You can summarize data by using the GROUP BY and HAVING clauses. GROUP BY organizes data into groups; HAVING sets conditions on which groups to include in the results. These clauses should be used together; HAVING used without GROUP BY can produce confusing results.
Aggregate functions return summary values, either for the whole table or for groups within the table. For this reason they are used with GROUP BY. Aggregate functions can appear in a select list or in a HAVING clause, but not in a WHERE clause.
You can use the following aggregate functions with GROUP BY (expression in this table is almost always a column name):
Aggregate function | Result |
---|---|
SUM([ALL | DISTINCT] expression) | Total of the values in the numeric expression, either all or distinct |
AVG([ALL | DISTINCT] expression) | Average of the values in the numeric expression, either all or distinct |
COUNT([ALL | DISTINCT] expression) | Number of values in the expression, either all or distinct |
COUNT(*) | Number of selected rows |
MAX(expression) | Highest value in the expression |
MIN(expression) | Lowest value in the expression |
SUM and AVG work only with numeric values. SUM, AVG, COUNT, MAX, and MIN ignore null values, but COUNT(*) does not.
Note You cannot use GROUP BY or HAVING on columns that have the text or image datatype.
The following query finds the total year-to-date sales of each publisher in the database:
SELECT pub_id, total = SUM(ytd_sales) FROM titles GROUP BY pub_id
pub_id |
total |
|
------ |
----- |
|
0736 |
28286 |
|
0877 |
44219 |
|
1389 |
24941 |
|
(3 row(s) affected) |
Because of the GROUP BY clause, only one row is returned for each publisher, and it contains the sum of all sales for that publisher.

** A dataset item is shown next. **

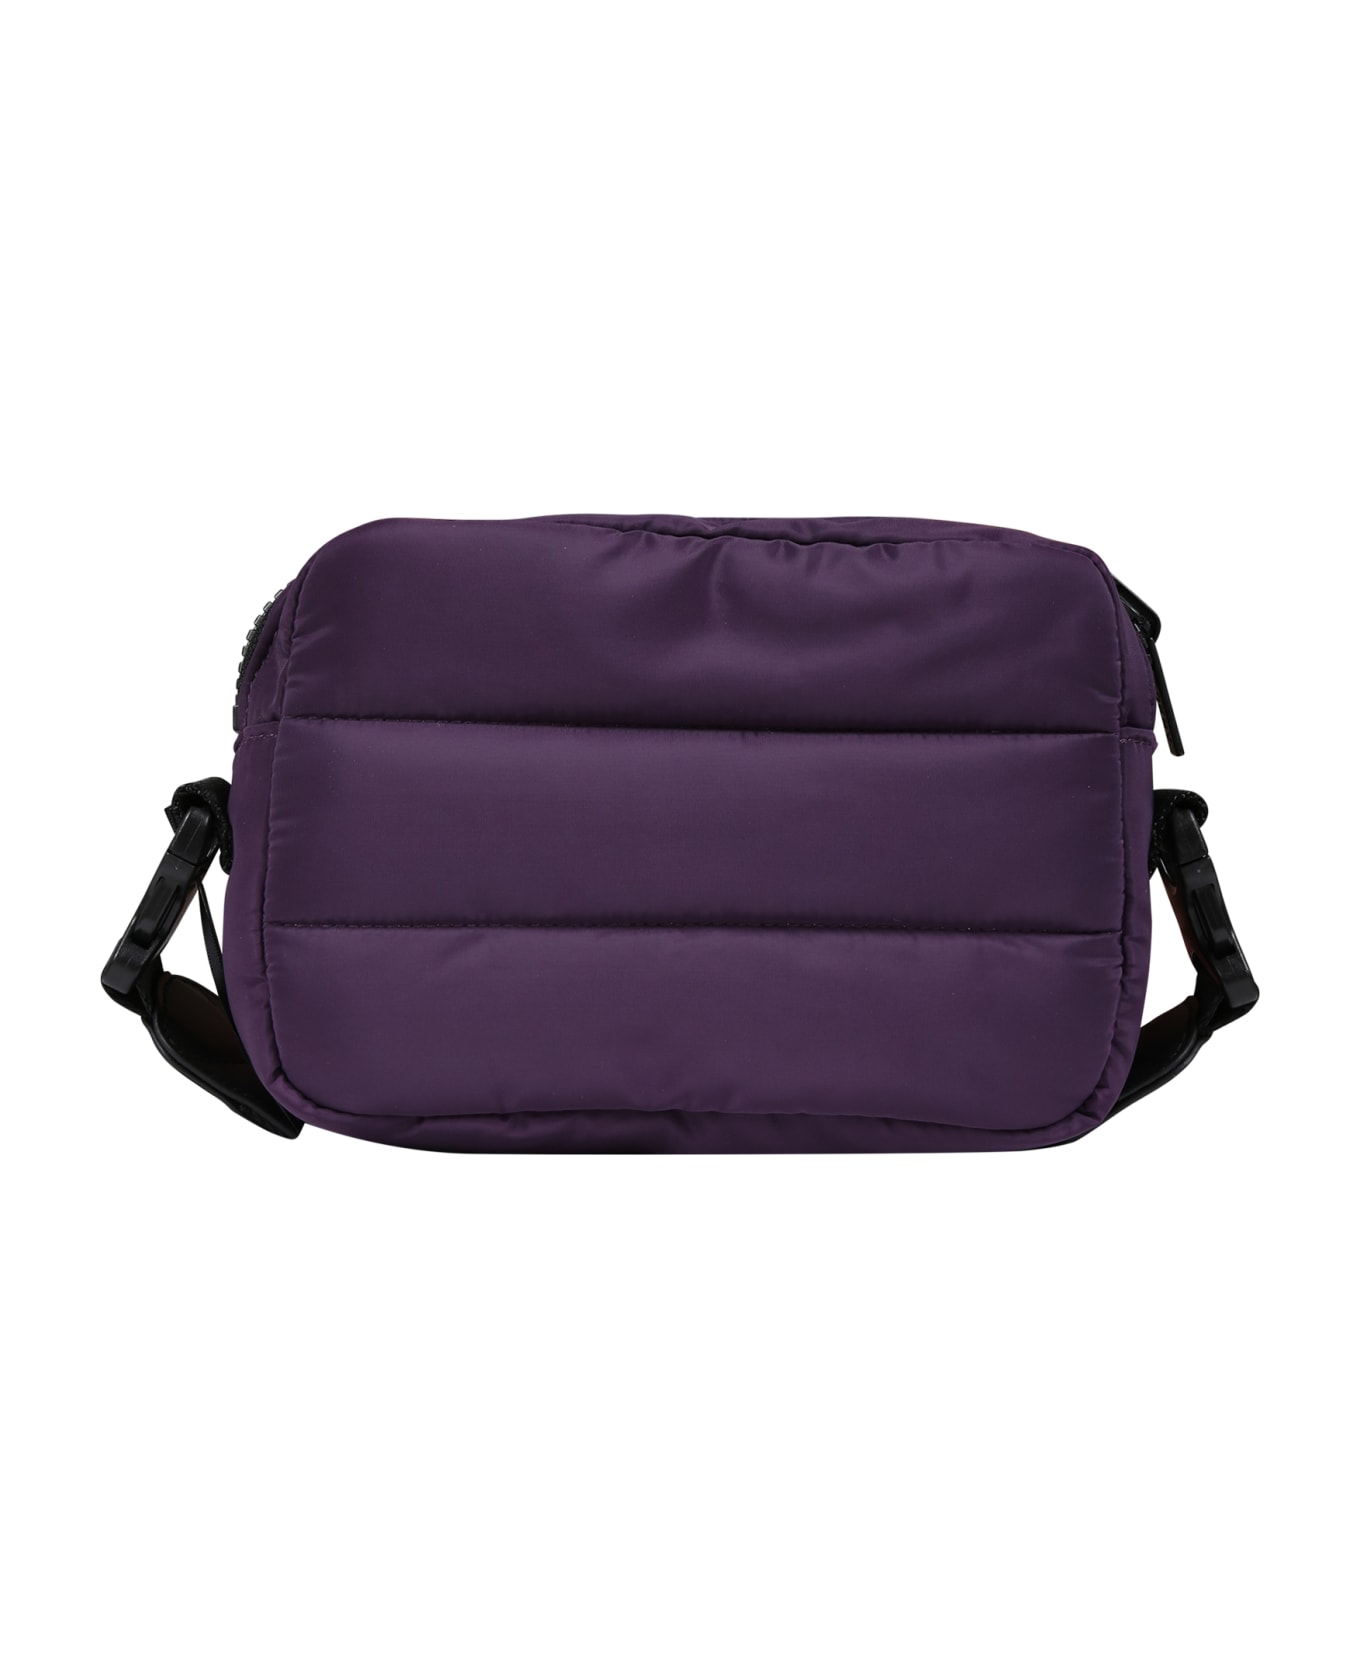 DKNY Purple Reversible Bag For Girl With Logo - Violetto

Important The exact results of a GROUP BY clause depend on the sort order chosen during installation. For information about the effects of different sort orders, see Microsoft SQL Server Setup.
The HAVING clause sets conditions on the GROUP BY clause similarly to the way the WHERE clause interacts with the SELECT clause. The HAVING clause syntax is exactly like the WHERE clause syntax except that it can contain aggregate functions.
If, for example, you want to see the publishers who have had year-to-date sales greater than $40,000, use this query:
SELECT pud_id, total = SUM(ytd_sales) FROM titles GROUP BY pub_id HAVING SUM(ytd_sales) > 40000
If, for example, you want to make sure that there are at least six books involved in the calculations for each publisher, use HAVING COUNT(*) > 5 to eliminate the publishers that return totals for fewer than six books. The query looks like this:
SELECT pub_id, total = SUM(ytd_sales) FROM titles GROUP BY pub_id HAVING COUNT(*) > 5
pub_id |
total |
------ |
----- |
0877 |
44219 |
1389 |
24941 |
(2 row(s) affected)
With this statement, two rows are returned. New Moon Books (0736) is eliminated.
For a detailed description of GROUP BY, HAVING, and aggregate functions, see Displaying Totals with GROUP BY or COMPUTE.